What are the pros and cons of digital audio?

The digital representation of sound is valuable, first of all, for the possibility of endless storage and reproduction without loss of quality, but the conversion from analog to digital form and vice versa inevitably leads to its partial loss.
The most unpleasant distortions introduced in the digitizing stage are the granular noise that occurs when the signal is quantized by level due to rounding of the amplitude to the nearest discrete value. Unlike simple broadband noise introduced by quantization errors, granular noise is the harmonic distortion of the signal, most noticeable in the upper part of the spectrum.
The power of the granular noise is inversely proportional to the number of quantization steps; However, due to the logarithmic characteristic of hearing with linear quantization (constant step value), quiet sounds have fewer quantization steps than loud sounds, and as a result, the main density of non-linear distortions falls in the region of sounds. silent. This leads to a limitation of the dynamic range, which ideally (without taking into account harmonic distortion) would be equal to the signal-to-noise ratio, but the need to limit this distortion reduces the dynamic range for 16-bit encoding to 50-60 dB. The situation could have been saved by logarithmic quantification, but its implementation in real time is very difficult and expensive.

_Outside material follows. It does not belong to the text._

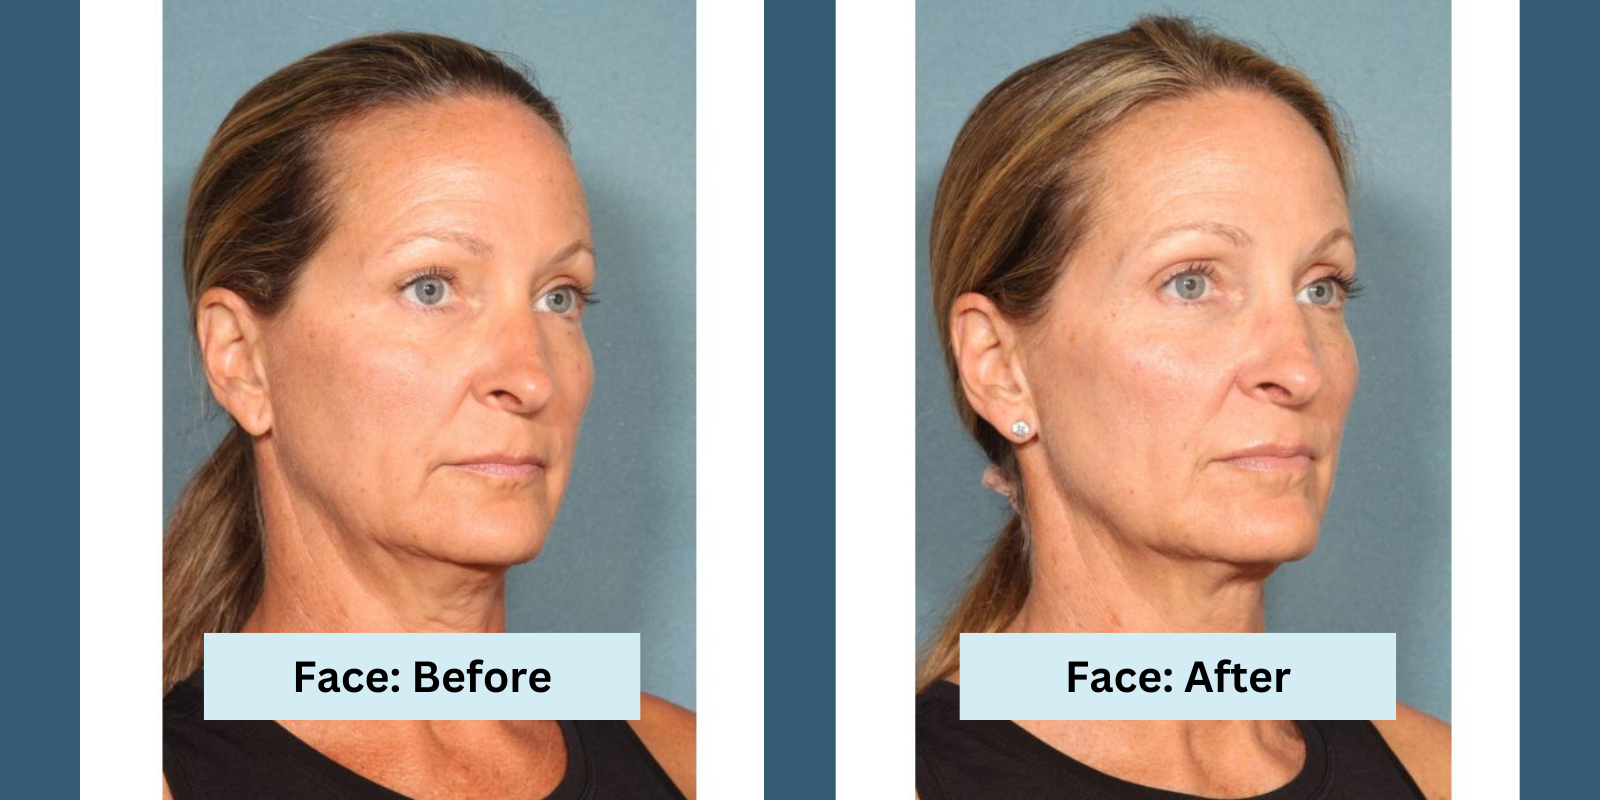 Sofwave treatment for face: Before and After pictures
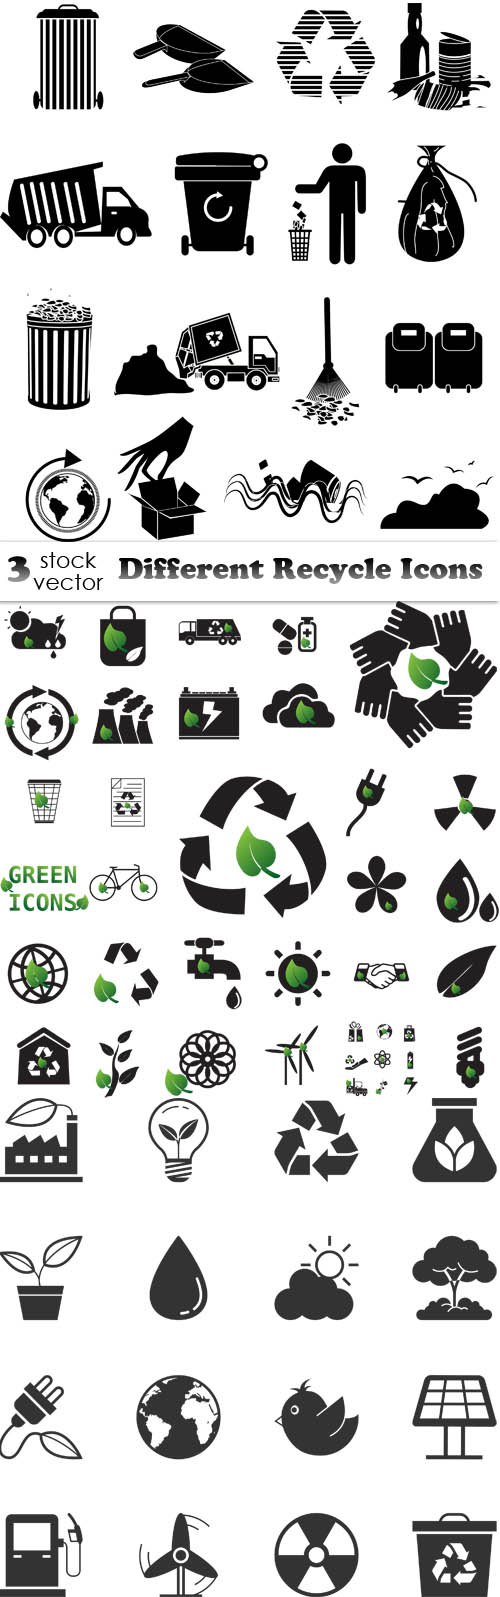 Vectors - Different Recycle Icons

The distortion introduced by granular noise can be reduced by adding normal white noise (random or pseudo-random signal) to the signal, with an amplitude of half the least significant bit; such an operation is called dithering. This leads to a slight increase in the noise level, but weakens the correlation of quantization errors with the components of the high-frequency signal and improves subjective perception. Anti-aliasing is also applied before rounding the samples by decreasing their bit depth. Essentially, dithering and noise shaping are special cases of the same technology, with the difference that, in the first case, white noise with a flat spectrum is used and, in the second, noise with a spectrum with a “shape “special.
When restoring audio from digital to analog, there is the problem of smoothing the stepped waveform and suppressing the harmonics introduced by the sample rate. Due to the imperfection of the frequency response of the filters, insufficient suppression of this interference or excessive attenuation of useful high-frequency components may occur. Poorly suppressed sample rate harmonics distort the shape of the analog signal (especially in the high frequency region), resulting in a “rough” and “dirty” sound.
What methods are used to effectively compress digital audio?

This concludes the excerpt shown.